In Last Looks, Last Books, the eminent critic Helen Vendler examines the ways in which five great modern American poets, writing their final books, try to find a style that does justice to life and death alike. With traditional religious consolations no longer available to them, these poets must invent new ways to express the crisis of death, as well as the paradoxical coexistence of a declining body and an undiminished consciousness. In The Rock, Wallace Stevens writes simultaneous narratives of winter and spring; in Ariel, Sylvia Plath sustains melodrama in cool formality; and in Day by Day, Robert Lowell subtracts from plenitude. In Geography III, Elizabeth Bishop is both caught and freed, while James Merrill, in A Scattering of Salts, creates a series of self-portraits as he dies, representing himself by such things as a Christmas tree, human tissue on a laboratory slide, and the evening/morning star.
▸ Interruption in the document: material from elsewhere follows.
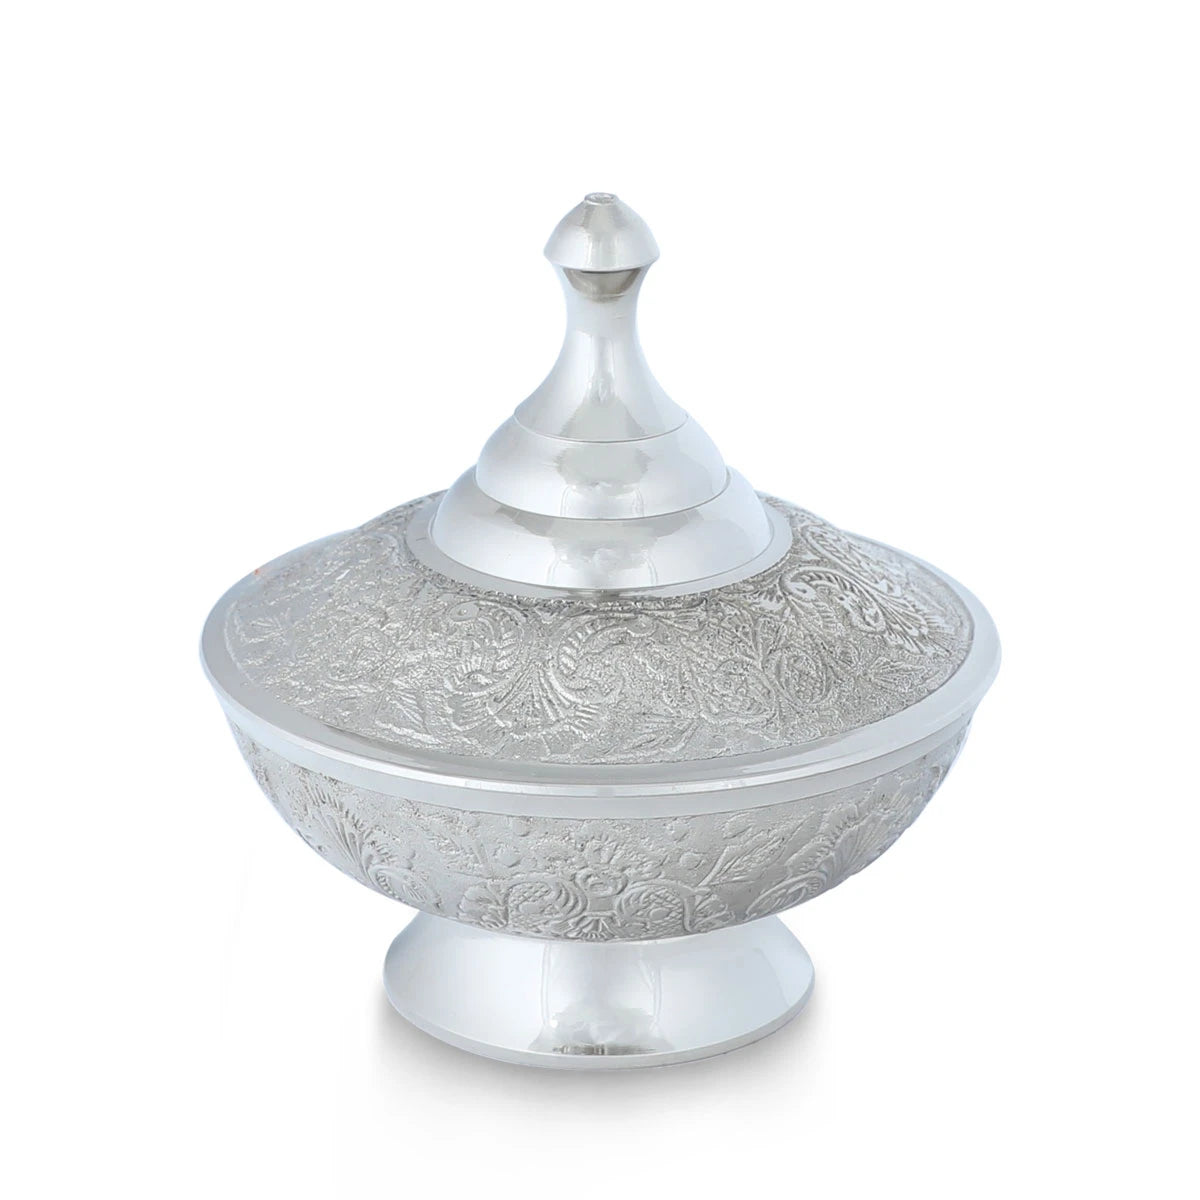 Front View of Floral Decor Silver Colored Brass Metal Bowl

The solution for one poet will not serve for another; each must invent a bridge from an old style to a new one. Casting a last look at life as they contemplate death, these modern writers enrich the resources of lyric poetry.

Author: Helen Vendler
Publisher: Princeton University Press
Published: 03/21/2010
Pages: 168
Binding Type: Hardcover
Weight: 0.70lbs
Size: 8.50h x 5.80w x 0.80d
ISBN13: 9780691145341
ISBN10: 0691145342
BISAC Categories:
- Literary Criticism | Poetry
- Literary Criticism | American | General
- Literary Criticism | Modern | 21st Century

About the Author
Helen Vendler is the A. Kingsley Porter University Professor at Harvard University. Her many books include Invisible Listeners: Lyric Intimacy in Herbert, Whitman, and Ashbery (Princeton), as well as studies of Shakespeare, Keats, Yeats, Stevens, and Heaney. She is a frequent reviewer for the New Republic, the New York Review of Books, and other publications.